X, y = make_classification(n_samples=1000, n_features=2, n_informative=2,
                           n_redundant=0, n_classes=2, random_state=42)
X_train, X_test, y_train, y_test = train_test_split(X, y, test_size=0.3, random_state=42)

model = LogisticRegression(random_state=42)
model.fit(X_train, y_train)
y_pred = model.predict(X_test)
y_proba = model.predict_proba(X_test)[:, 1] # Probabilities of the positive class

print("Accuracy:", accuracy_score(y_test, y_pred))
print("Precision:", precision_score(y_test, y_pred))
print("Recall:", recall_score(y_test, y_pred))
print("F1-score:", f1_score(y_test, y_pred))
print("ROC AUC Score:", roc_auc_score(y_test, y_proba))

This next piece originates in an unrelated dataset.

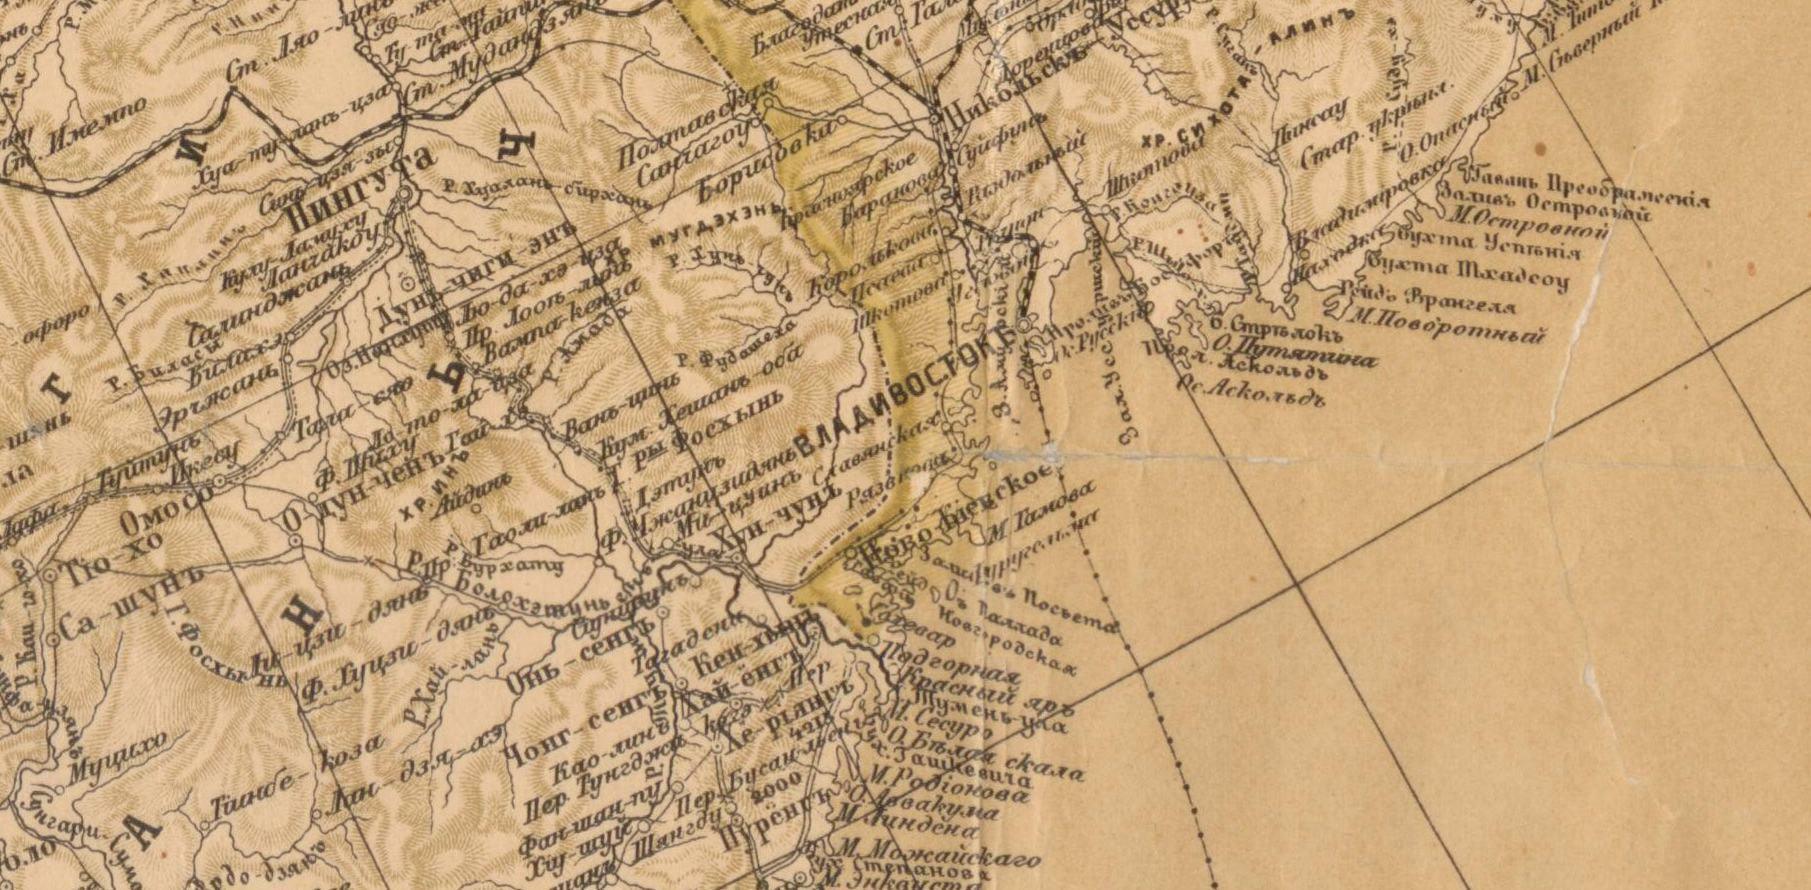 Дальний восток в начале 20 века. Карта дальнего Востока 1904. Карта дальнего Востока 1904 года. Карта Владивостока 1904 года. Карта дальнего Востока Российской империи 1904.

print("\nConfusion Matrix:\n", confusion_matrix(y_test, y_pred))
print("\nClassification Report:\n", classification_report(y_test, y_pred))

# Plot ROC curve
графии, tpr, thresholds = roc_curve(y_test, y_proba)
plt.figure(figsize=(6, 5))
plt.plot(fpr, tpr, label=f'ROC curve (area = {roc_auc_score(y_test, y_proba):.2f})')
plt.plot([0, 1], [0, 1], 'k--') # Dashed diagonal
plt.xlim([0.0, 1.0])
plt.ylim([0.0, 1.05])
plt.xlabel('False Positive Rate')
plt.ylabel('True Positive Rate')
plt.title('Receiver Operating Characteristic')
plt.legend(loc="lower right")
plt.show()

Regression Metrics:

Mean Squared Error (MSE): Average of the squared differences between predicted and actual values.
Root Mean Squared Error (RMSE): Square root of MSE.
Mean Absolute Error (MAE): Average of the absolute differences.
R-squared (Coefficient of Determination): Proportion of the variance in the dependent variable that is predictable from the independent variables.

import numpy as np
from sklearn.metrics import mean_squared_error, mean_absolute_error, r2_score
from sklearn.linear_model import LinearRegression
from sklearn.model_selection import train_test_split
from sklearn.datasets import make_regression

X, y = make_regression(n_samples=100, n_features=1, noise=10, random_state=0)
X_train, X_test, y_train, y_test = train_test_split(X, y, test_size=0.3, random_state=0)

model = LinearRegression()
model.fit(X_train, y_train)
y_pred = model.predict(X_test)

print("\nMSE:", mean_squared_error(y_test, y_pred))
print("RMSE:", np.sqrt(mean_squared_error(y_test, y_pred)))
print("MAE:", mean_absolute_error(y_test, y_pred))
print("R-squared:", r2_score(y_test, y_pred))

Further Topics:

Nested Cross-Validation
Learning Curves
Validation Curves
Different types of cross-validation (e.g., StratifiedKFold, GroupKFold, TimeSeriesSplit)
Model persistence (saving and loading models using joblib or pickle)

Model selection and evaluation are iterative processes. A thorough understanding of these techniques is essential for developing reliable and high-performing machine learning solutions.